Moles of water = Given mass of water / Molar mass of water Moles of water = 7.2 g / 18.02 g/mol Moles of water ≈ 0.3996 moles

2. Calculate the moles of hydrogen gas required: - From the balanced chemical equation, 2 moles of hydrogen gas react to form 2 moles of water.

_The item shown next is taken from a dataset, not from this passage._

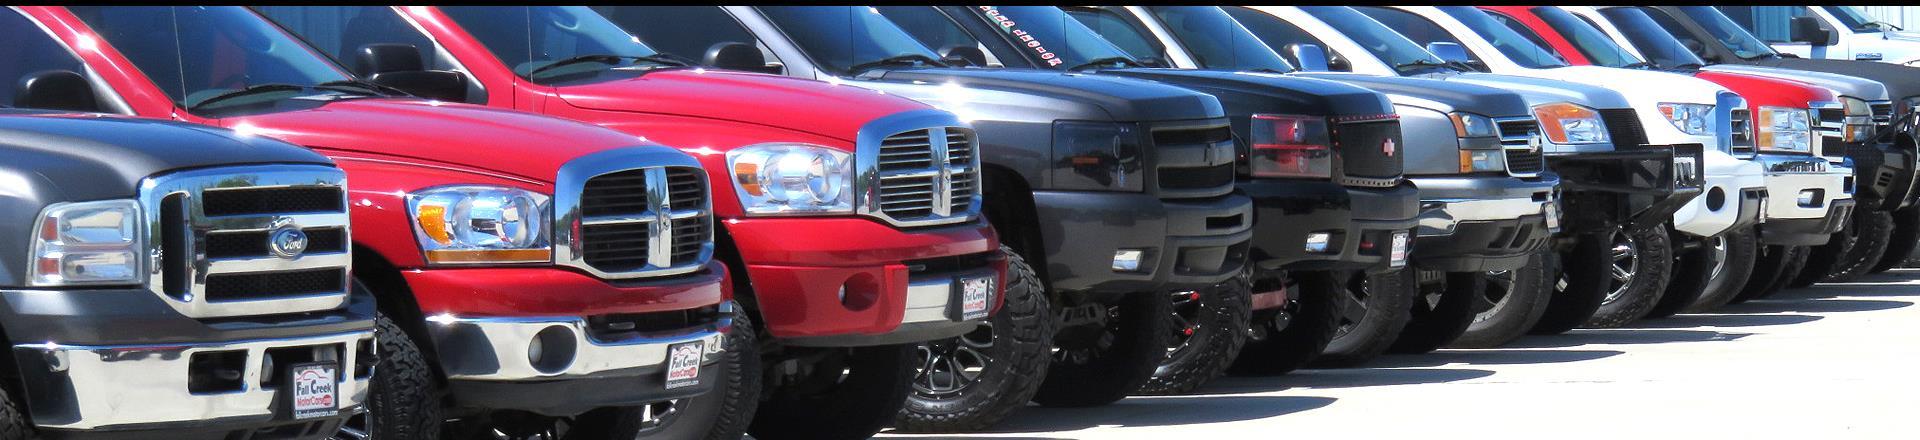 Mega Motors Dallas Tx Cash Lot - impremedia.net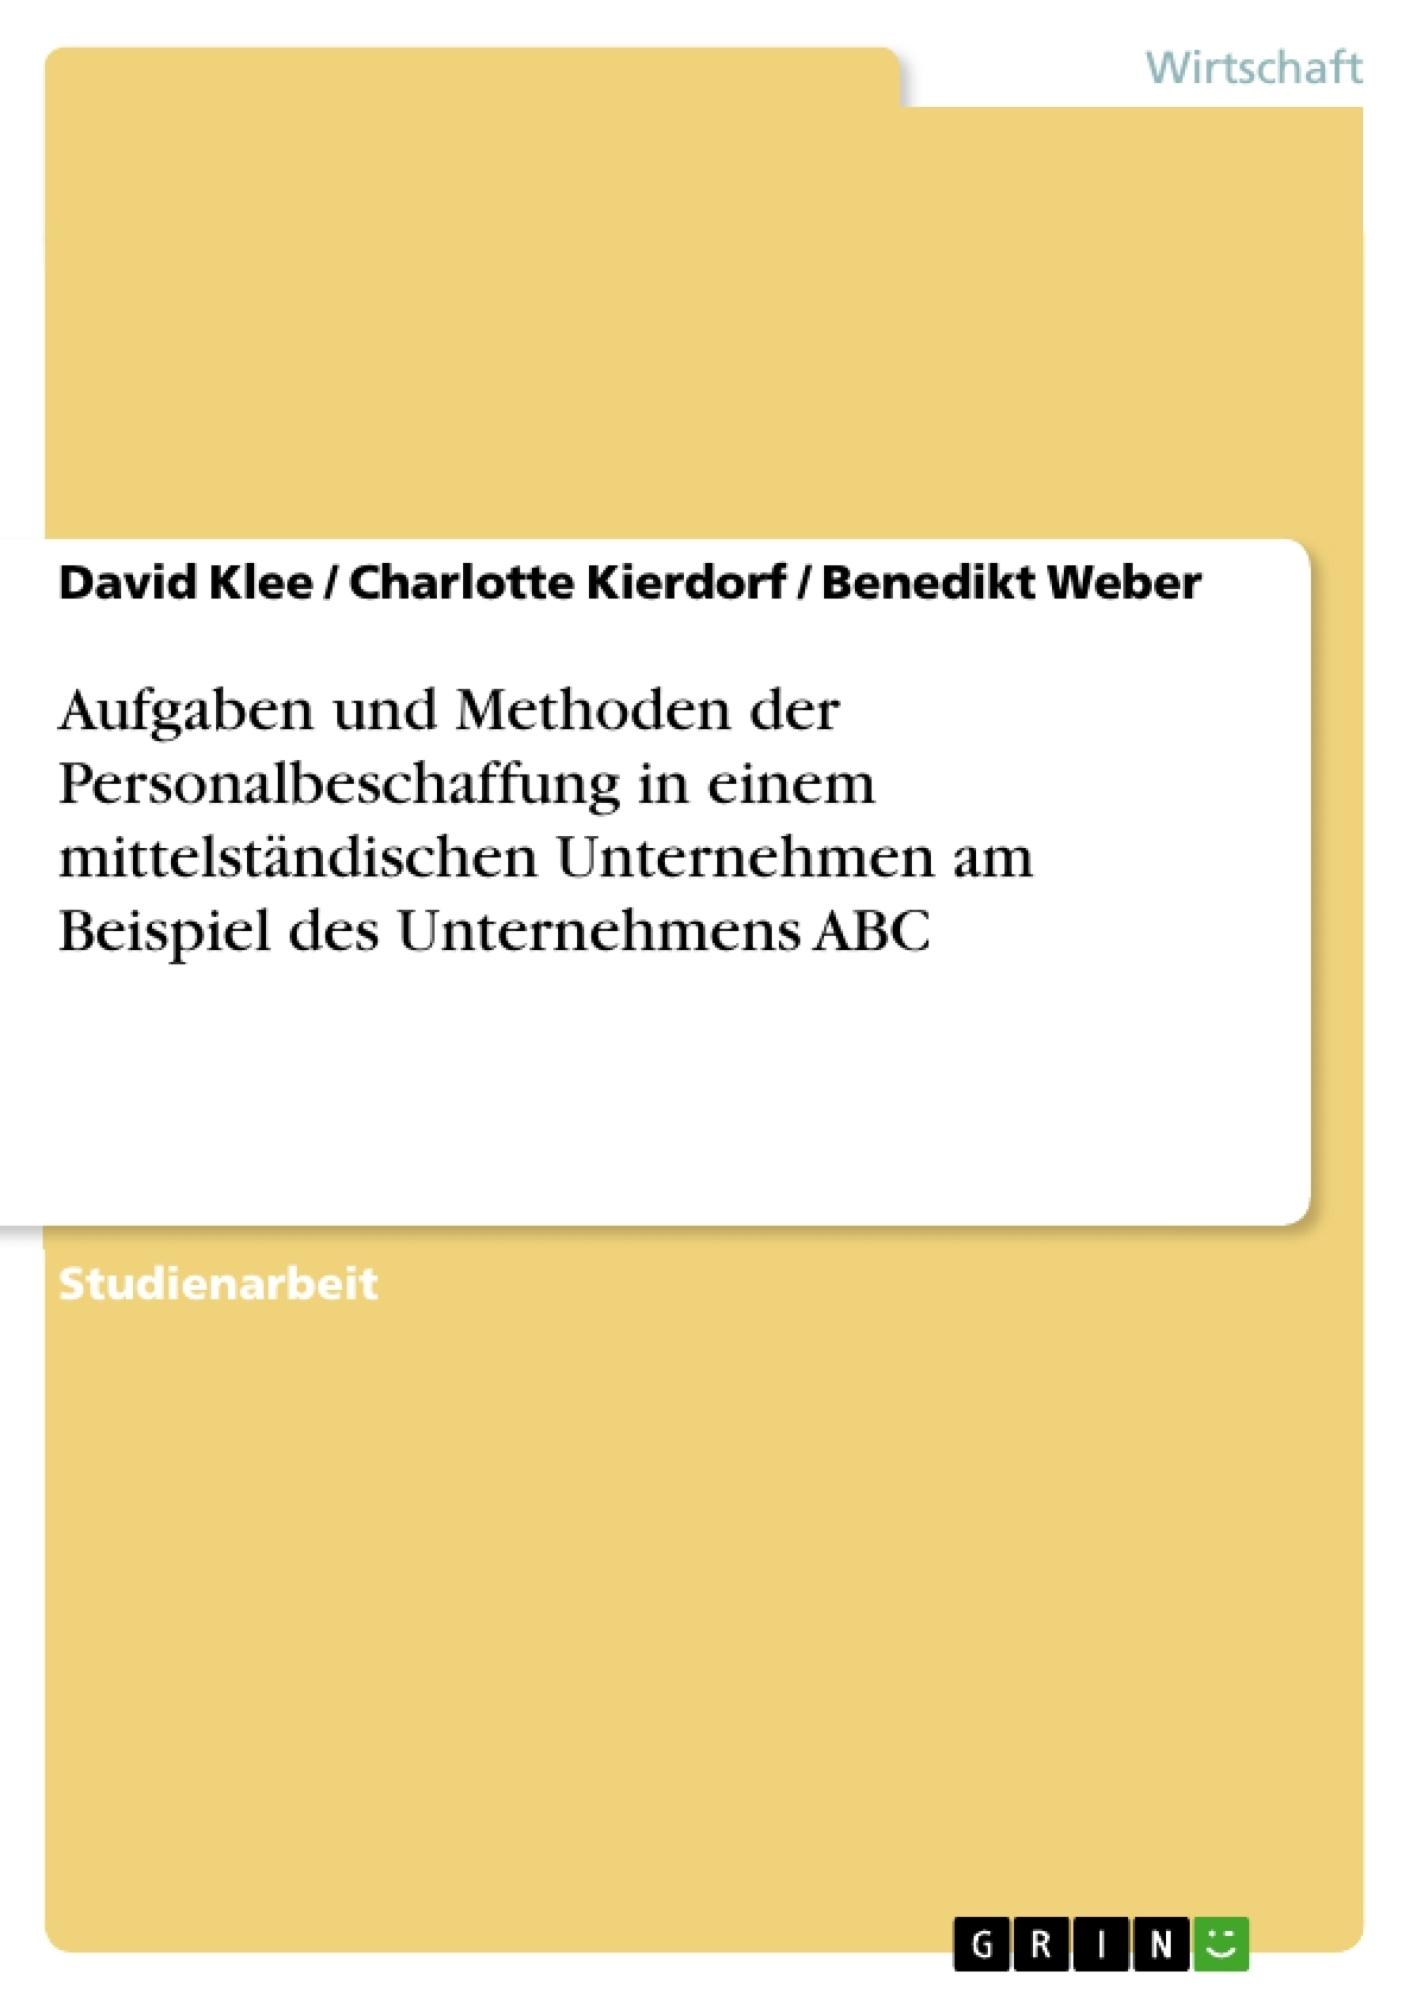 Titel: Aufgaben und Methoden der Personalbeschaffung in einem mittelständischen Unternehmen am Beispiel des Unternehmens ABC

Moles of hydrogen gas required = Moles of water formed / 2 Moles of hydrogen gas required ≈ 0.3996 moles / 2 Moles of hydrogen gas required ≈ 0.1998 moles

3. Convert moles of hydrogen gas to volume at standard temperature and pressure (STP): - At STP (0°C and 1 atm), 1 mole of any gas occupies approximately 22.4 liters.

Volume of hydrogen gas required = Moles of hydrogen gas required * 22.4 L/mol Volume of hydrogen gas required ≈ 0.1998 moles * 22.4 L/mol Volume of hydrogen gas required ≈ 4.4752 liters

Therefore, approximately 4.4752 liters of hydrogen gas are required for the reaction with oxygen to form 7.2 grams of water.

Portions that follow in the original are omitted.